**EXERCISE INSTRUCTIONS**
Write out each line below precisely, passing over the pictures.

**GIVEN MATERIAL**
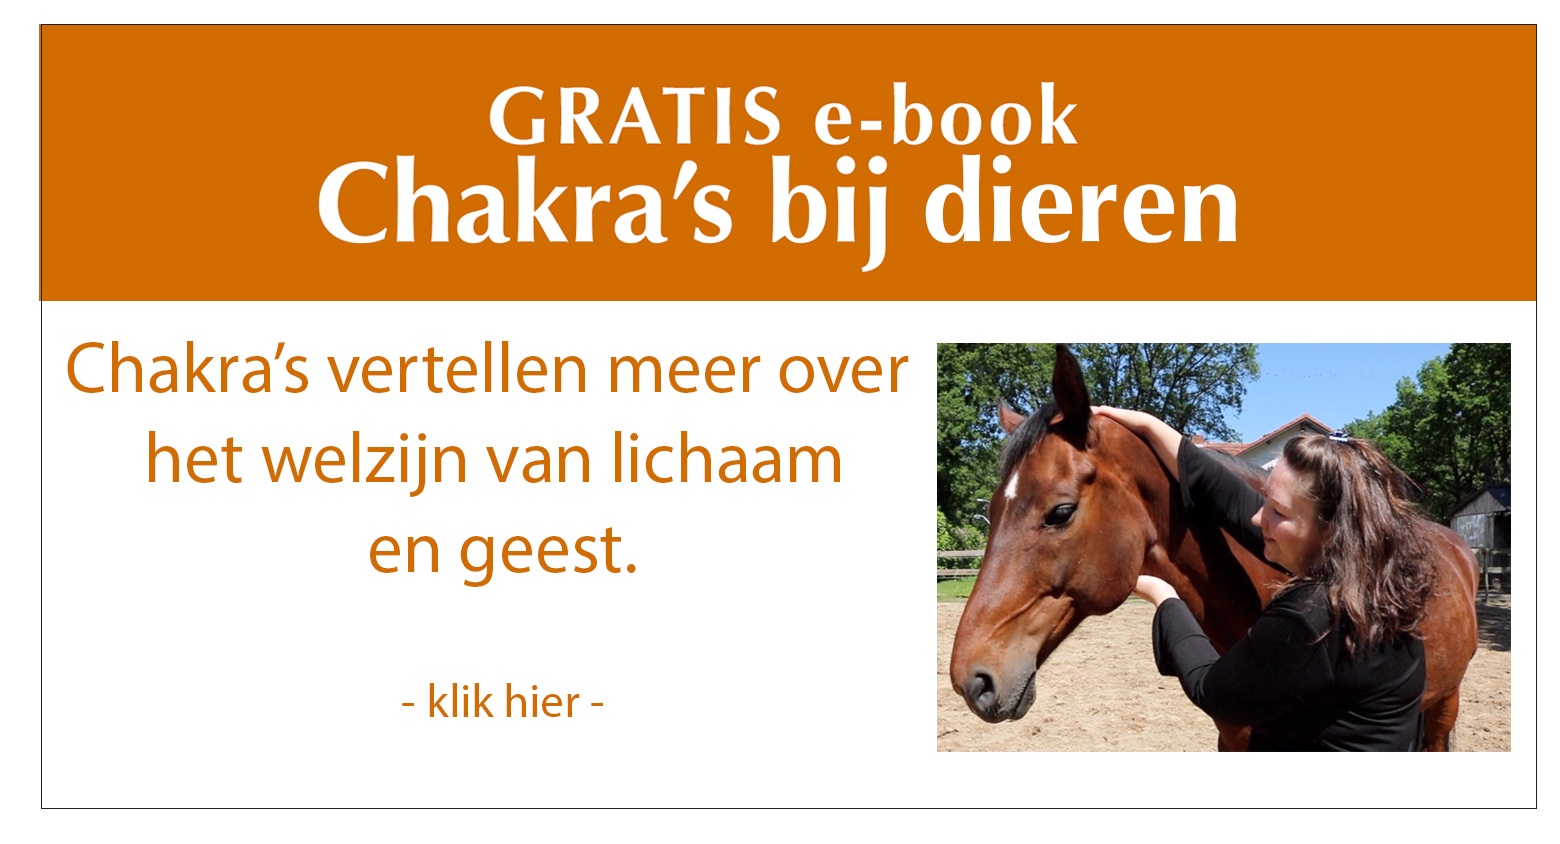 e-book chakra's bij dieren
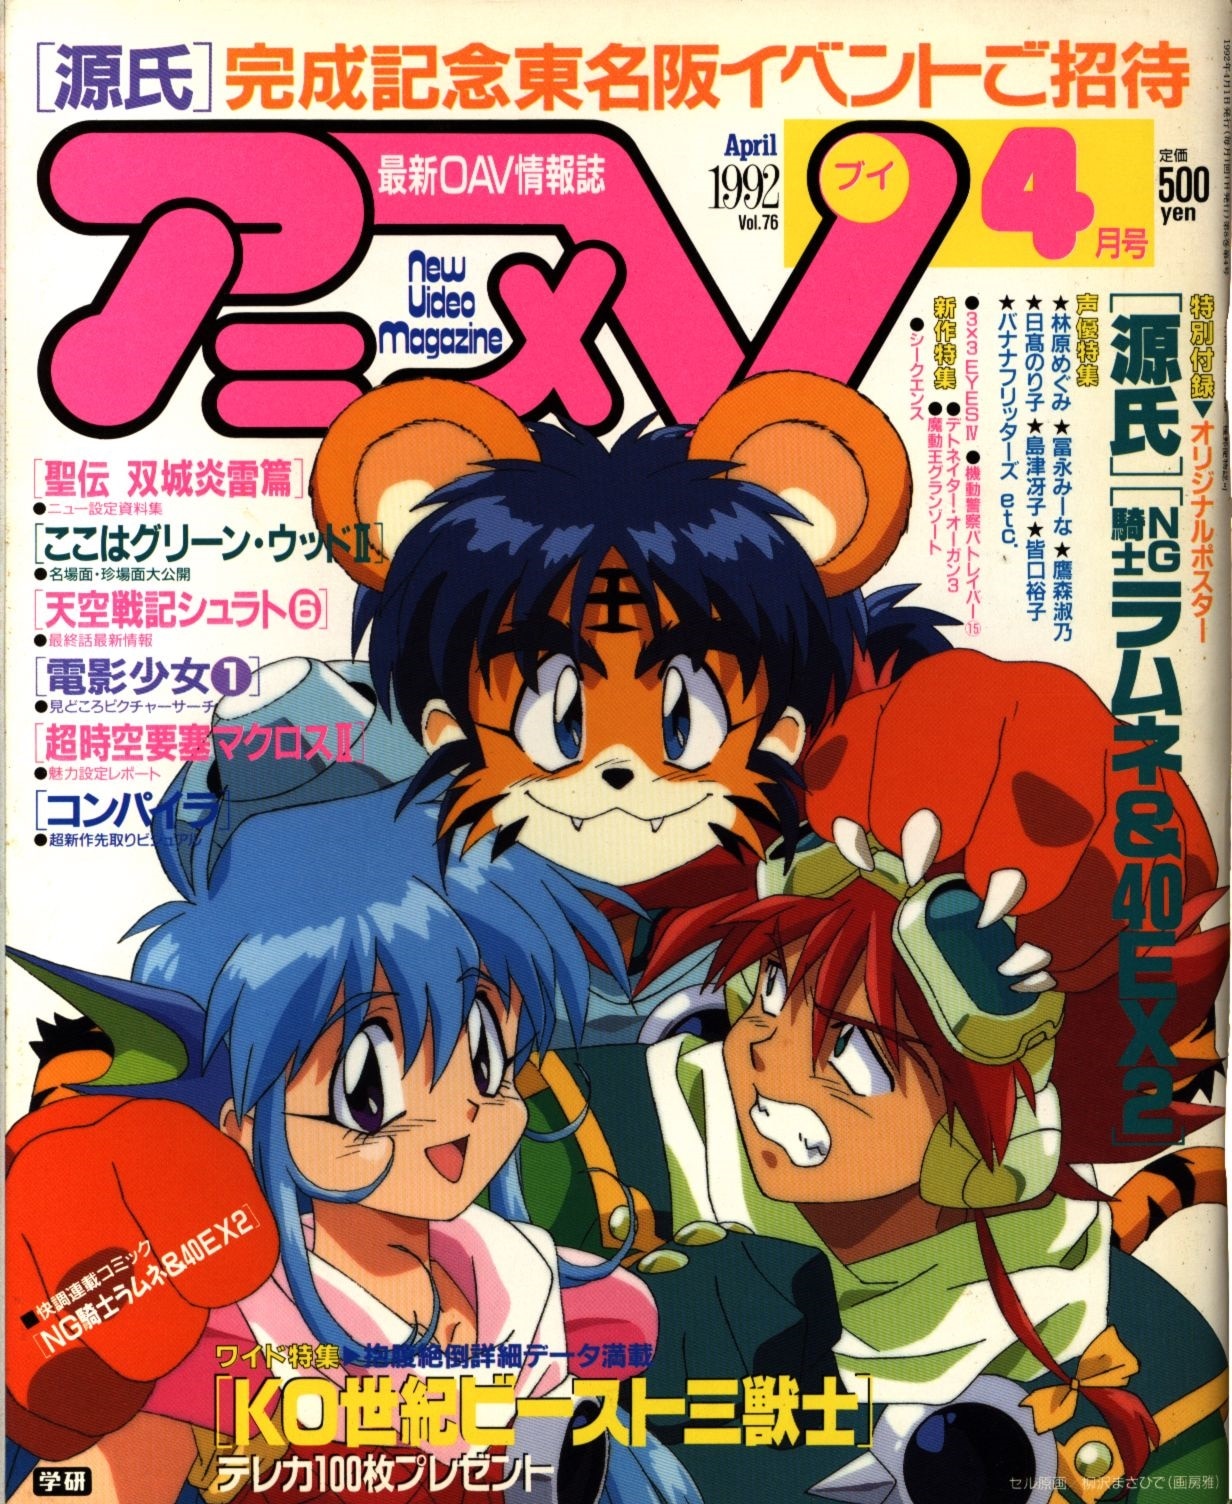 Gakushu Kenkyusha Gakken 1992 1992 Anime Main Magazine Only Anime V92 04 94 Mandarake Online Shop
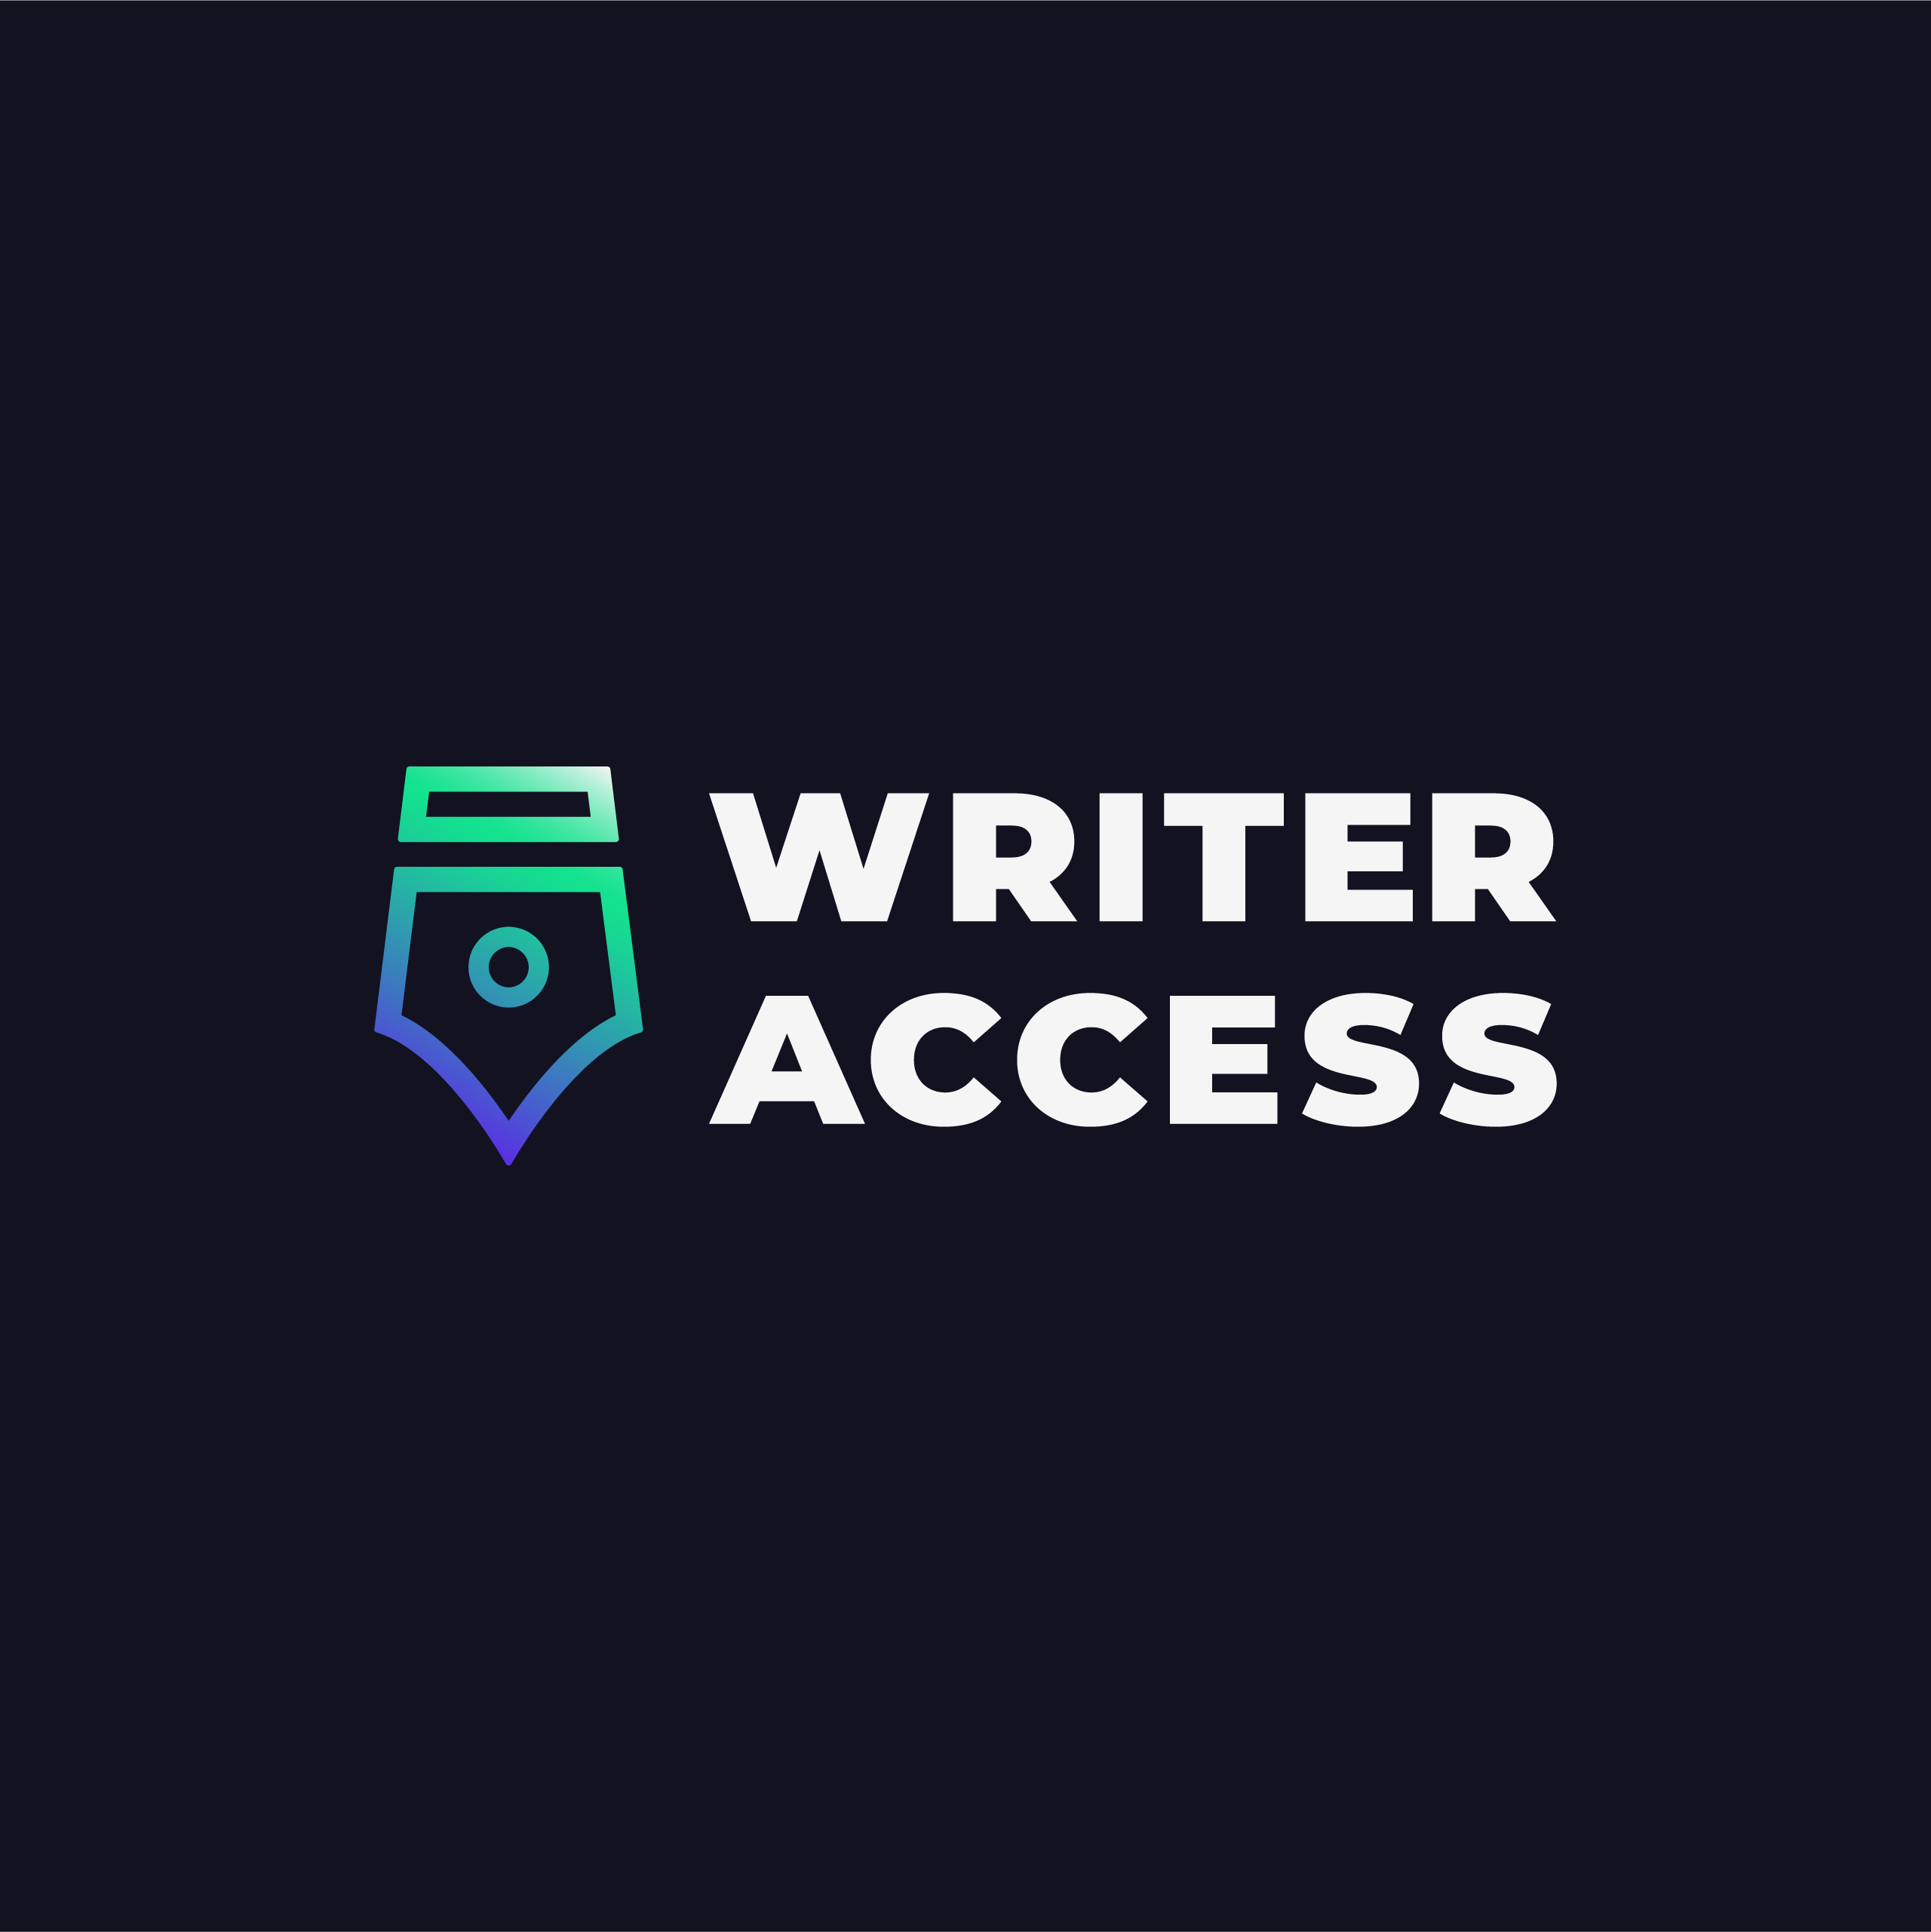 Writer Access logo

**EXERCISE ANSWER**
 e-book chakra's bij dieren
 Gakushu Kenkyusha Gakken 1992 1992 Anime Main Magazine Only Anime V92 04 94 Mandarake Online Shop
 Writer Access logo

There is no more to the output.